While their efforts were sometimes successful, the side effects were too severe for widespread use.

In the mid-1960s, when ICI46474 was being tested, despite the growing awareness of breast cancer, the research seemed to have come to a standstill.

A mastectomy, in which the cancerous area of ​​a woman’s breast is removed, along with chemotherapy or radiation therapy, used to be considered the only way forward.

This would soon change.

Thanks to a combination of luck, common sense, and a “war on cancer” that began in the United States in the 1970s, there has been renewed interest in developing an estrogen blocker to treat breast cancer.

But in the US, the most coveted market by pharmaceutical companies, ICI46474, which came to be called tamoxifen, took a while to get approved. Walpole died in 1977, without seeing his research progress and medicine become a worldwide success.

In 1977, “there was a breakthrough when Dora Richardson gave me tamoxifen metabolites,” says Craig Jordan. A metabolite is a byproduct of what happens when the body breaks down the drug and turns it into other substances;

“My lab team showed that a tamoxifen metabolite was 100 times more potent than tamoxifen as an anti-estrogen. It was a drug like no other that had ever been seen, it was that strong,” says Jordan.

“When I brought the information to ICI, the room fell silent. They asked me to respect not to say anything about what I had discovered. I agreed because I wanted tamoxifen to be successful in the United States.”

While ICI has received the packet of metabolites, Jordan has not released his finding. Then he published an article announcing the discovery of the most powerful anti-estrogen in the world, which became the basis for all subsequent anti-estrogens.

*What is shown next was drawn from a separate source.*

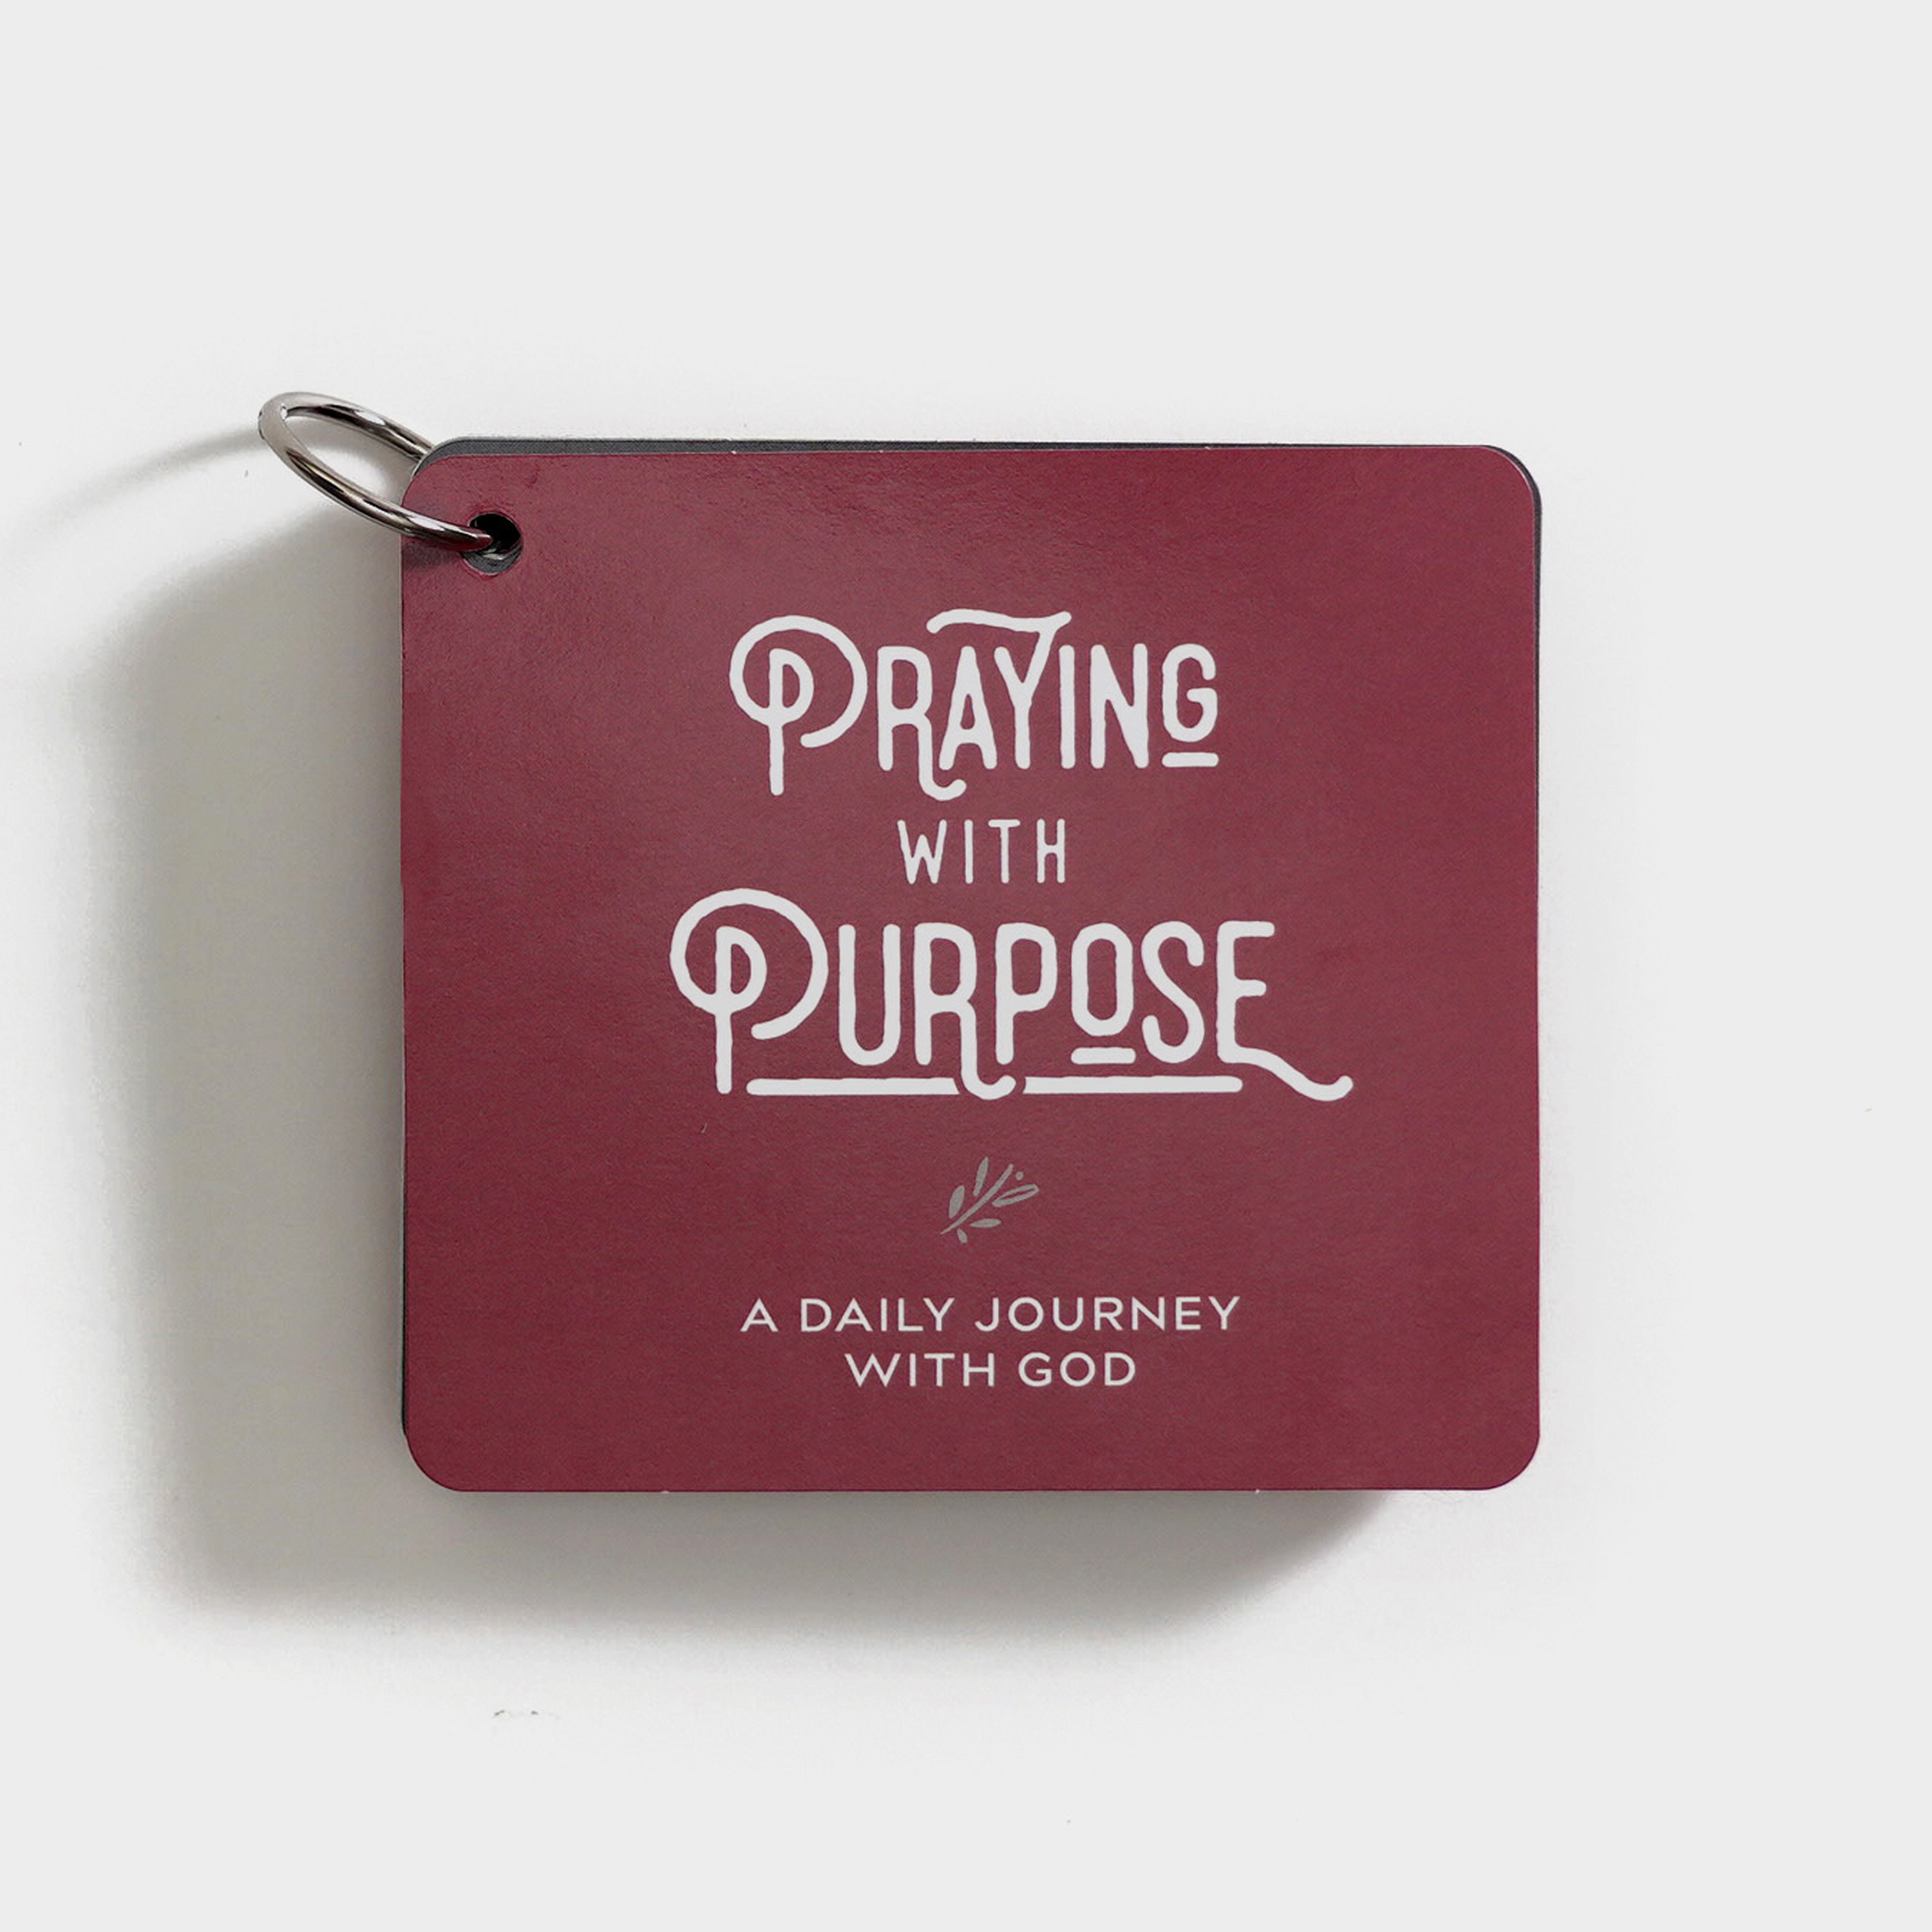 Praying With Purpose: A Daily Journey With God

Tamoxifen was approved for use in the United States in late 1977, an important milestone in the drug’s path to global success.

This is how a chemical compound that failed to live up to its initial promise became a wonder drug that was included in the World Health Organization’s (WHO) List of Essential Medicines.

Self-exams and routine tests are important for cancer detection

How tamoxifen works

Breast cancers that have estrogen receptors are called estrogen receptor positive (or ER+) cancers.

This means that the tumors feed on this female hormone, which circulates in the woman’s bloodstream.

Being estrogen dependent is the Achilles heel of ER+ tumors: It makes them sensitive to drugs like tamoxifen, which prevent estrogen from affecting cancer cells.

The drug works as if it were blocking a door: it binds to the estrogen receptor, preventing the hormone from entering and thus stopping the tumor from advancing.

That’s why it’s considered one of the greatest advances in cancer treatment.

According to WHO, breast cancer is the most commonly diagnosed type of cancer, accounting for 1 in 8 cancer diagnoses worldwide. In 2020 alone, there were an estimated 2.3 million new cases of breast cancer worldwide and an estimated 685,000 deaths from the disease.

And about 70% of breast cancers are ER+.